**PROVIDED DATA**
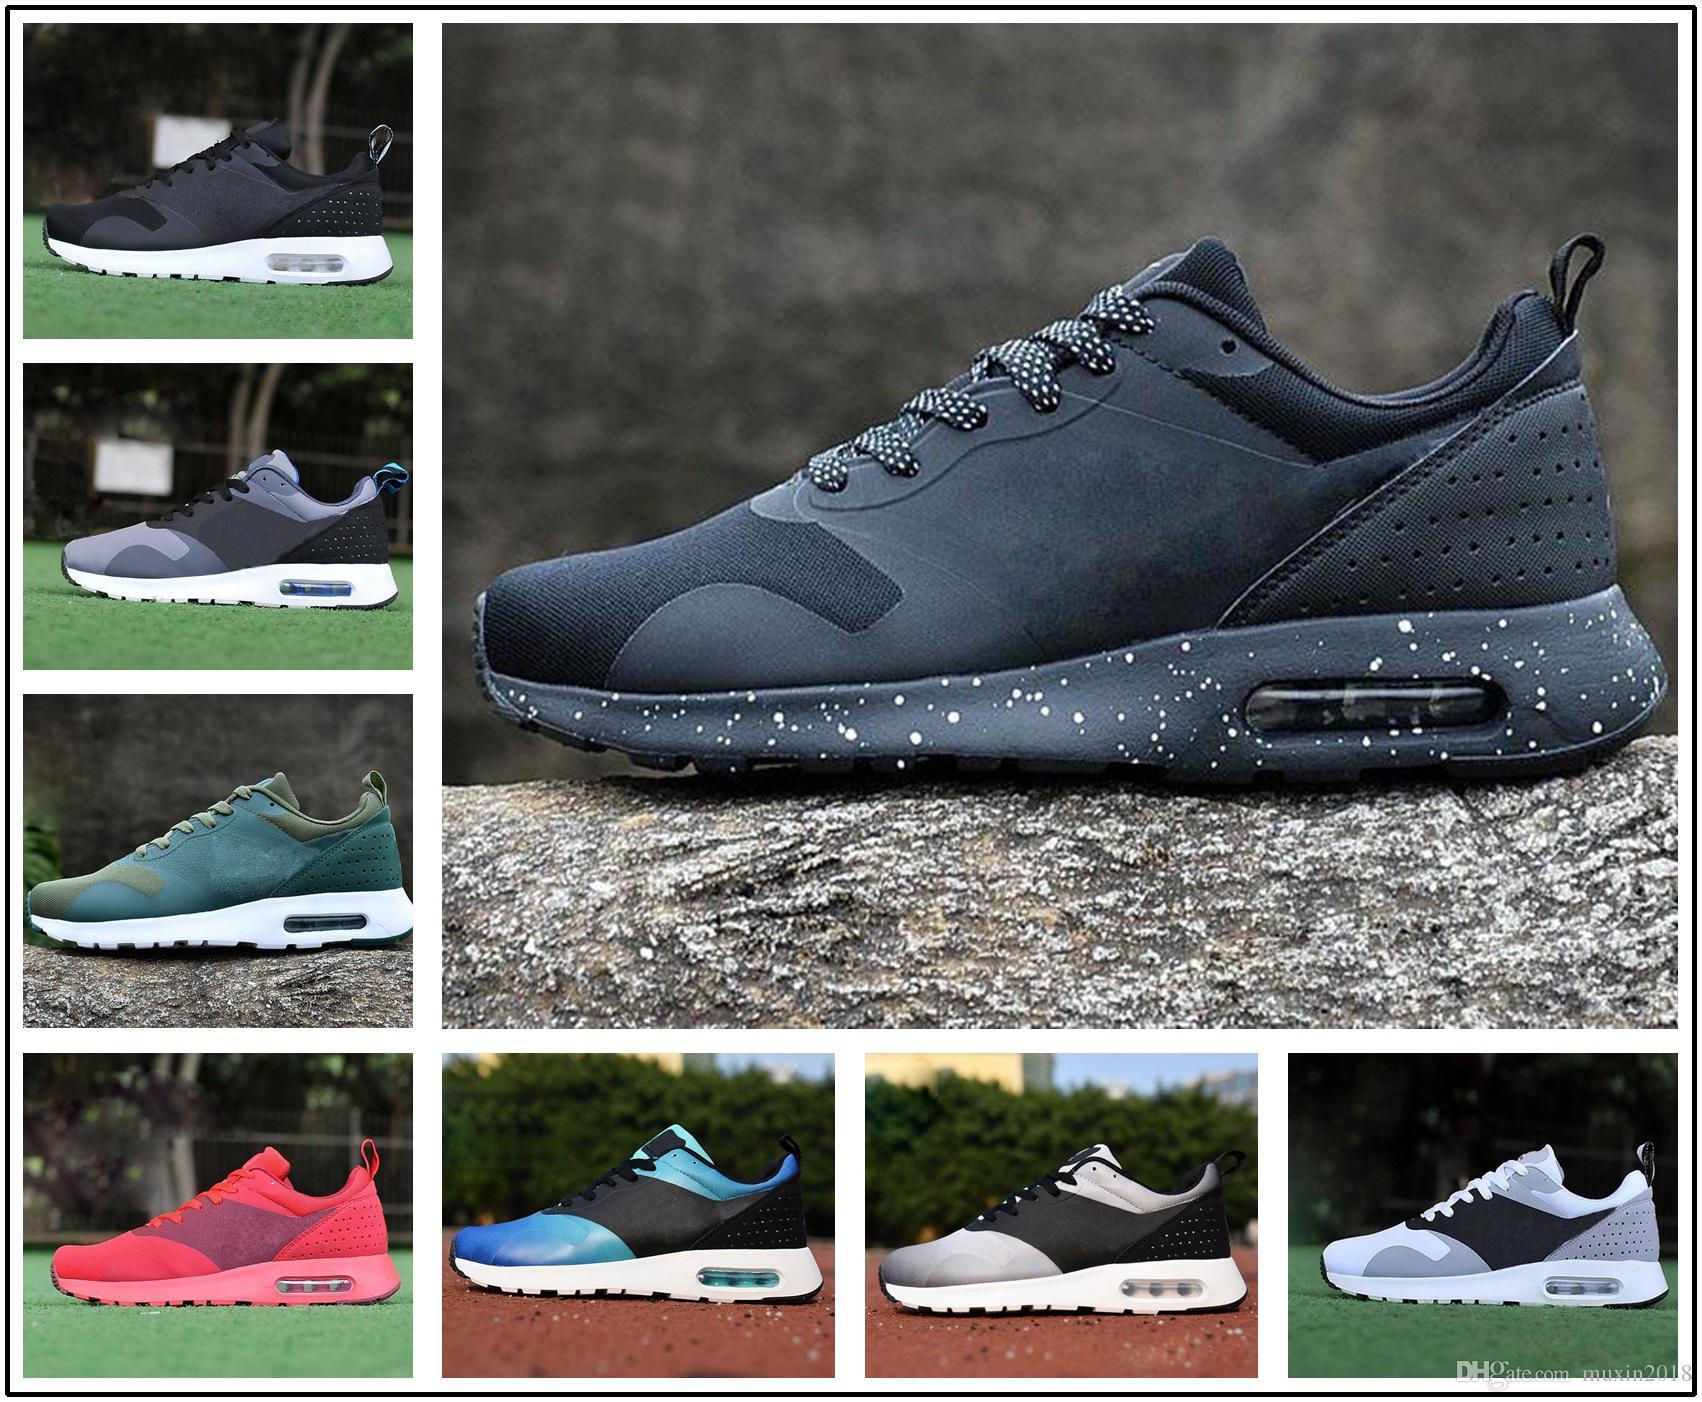 cheaper 316a2 72ca2 Acquista Nike Air Max 87 90 Airmax 87 90 2017 2018 87 Tavas Camouflage Uomo  RUNNING Scarpe 100% Originale All Black Thea Sport Shoe 2017 Hot Scarpe Da  ...
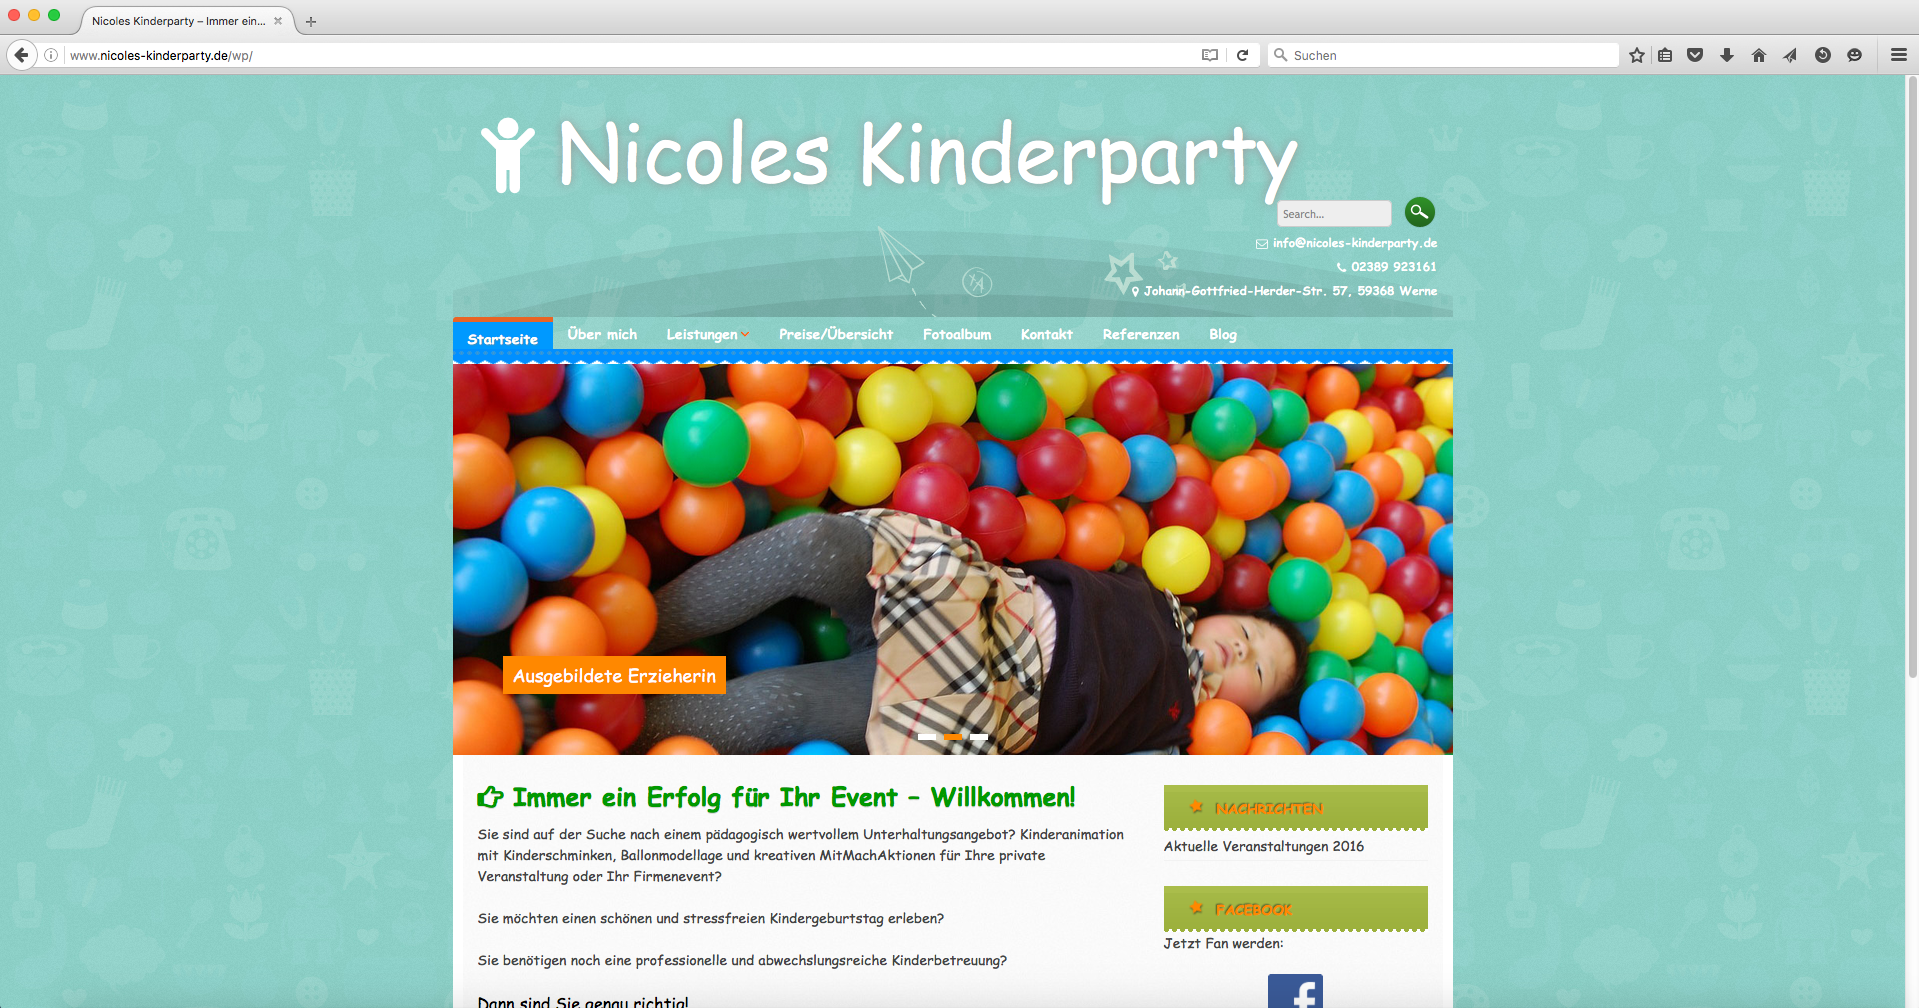 www.nicoles-kinderparty.de
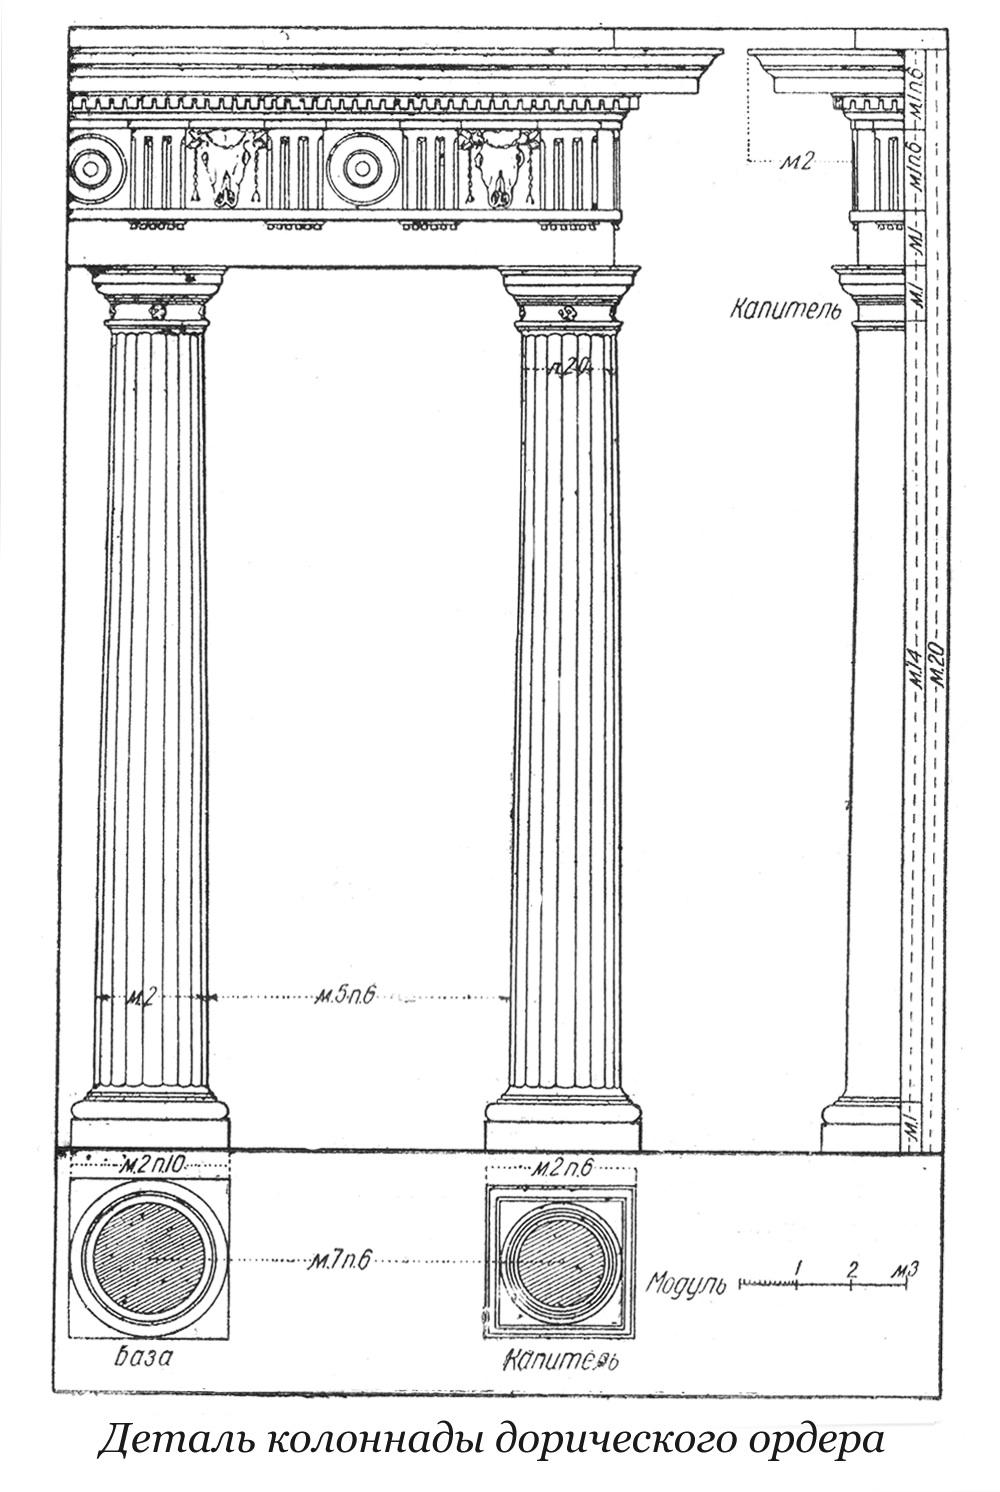 doric-order_colonnade-3
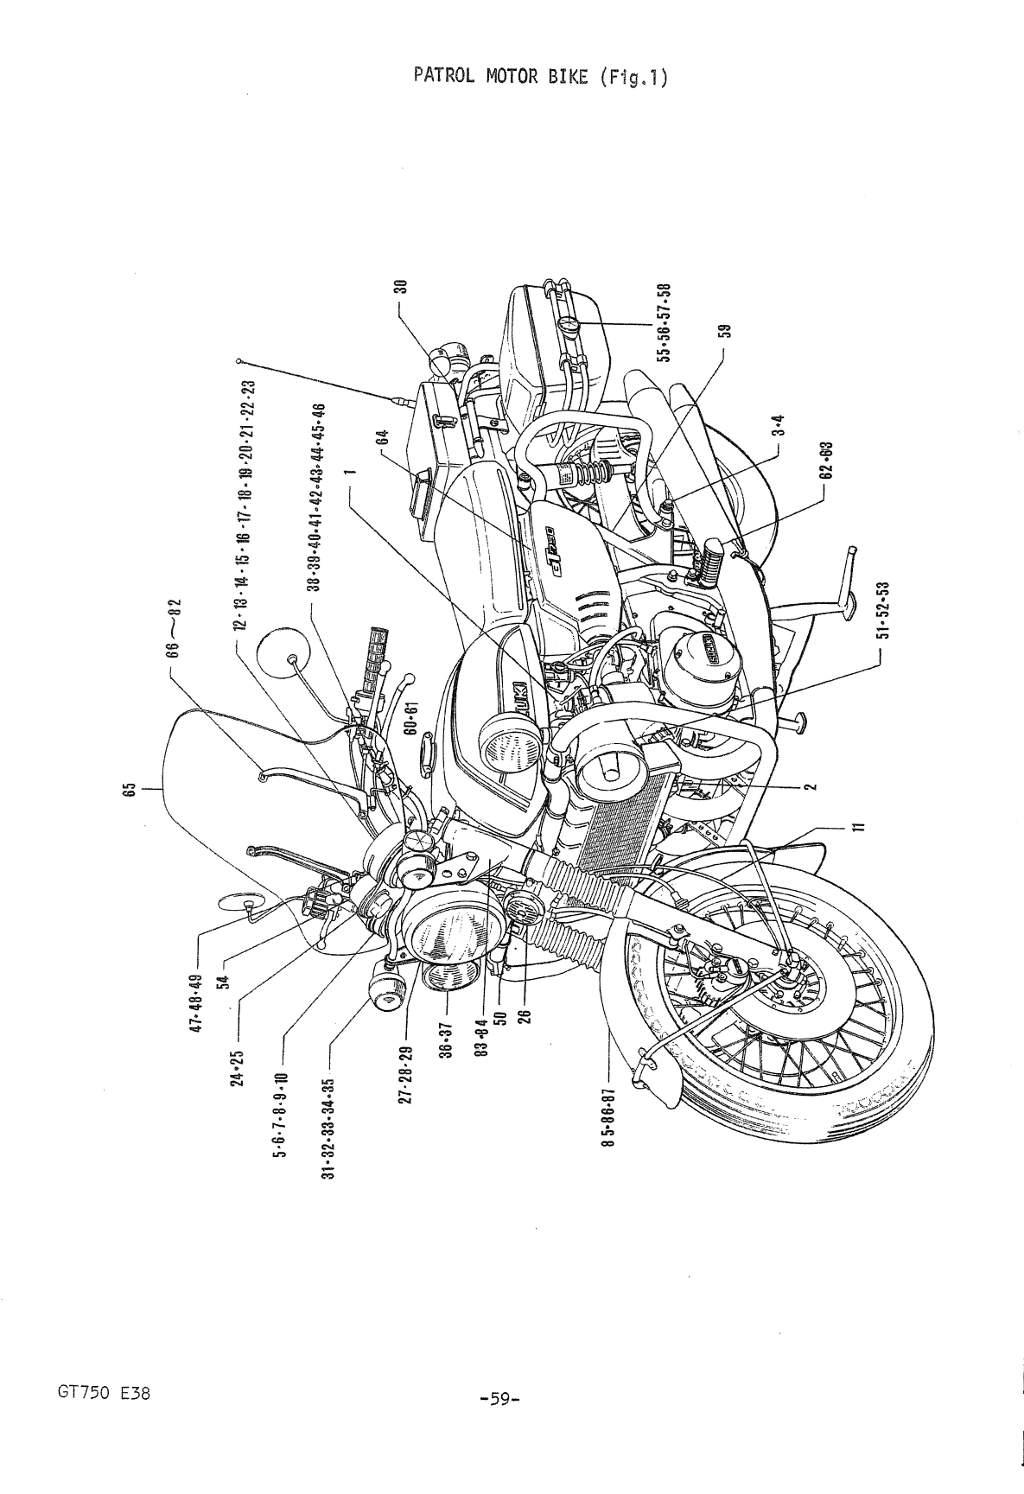 A Field Guide to the Suzuki GT750
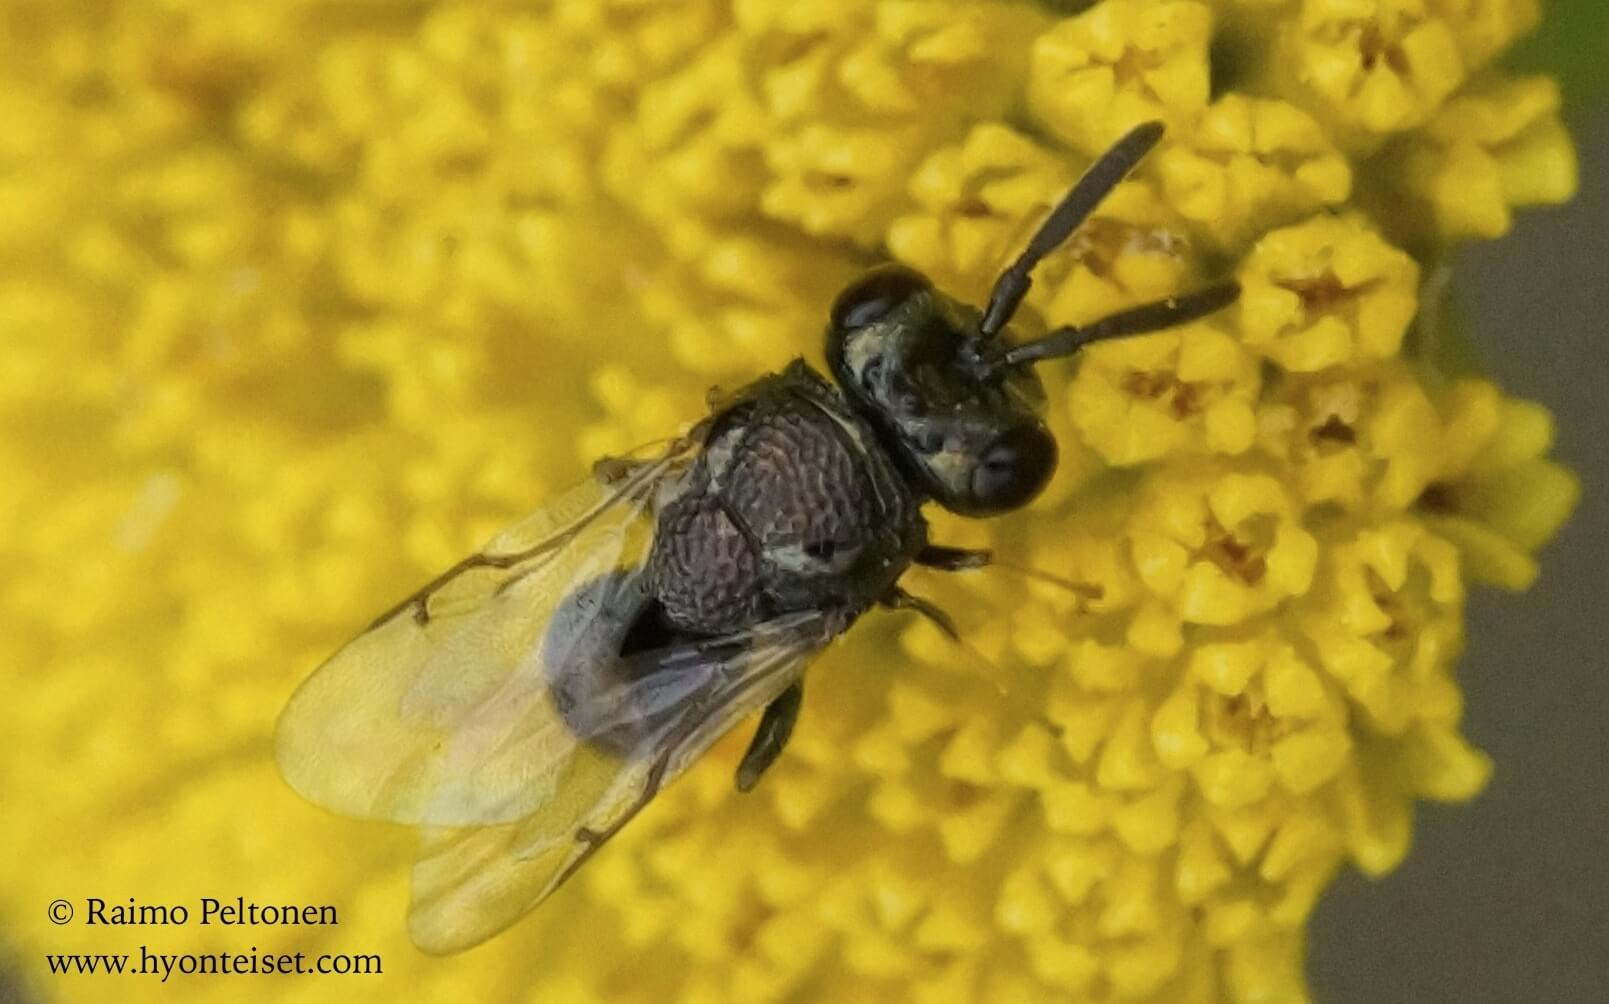 Chalcidoidae sp. (det. Juho Paukkunen)

**TASK STATEMENT**
Print out all the material word for word but exclude any images.

**OUTPUT OF THE TASK**
 cheaper 316a2 72ca2 Acquista Nike Air Max 87 90 Airmax 87 90 2017 2018 87 Tavas Camouflage Uomo  RUNNING Scarpe 100% Originale All Black Thea Sport Shoe 2017 Hot Scarpe Da  ...
 www.nicoles-kinderparty.de
 doric-order_colonnade-3
 A Field Guide to the Suzuki GT750
 Chalcidoidae sp. (det. Juho Paukkunen)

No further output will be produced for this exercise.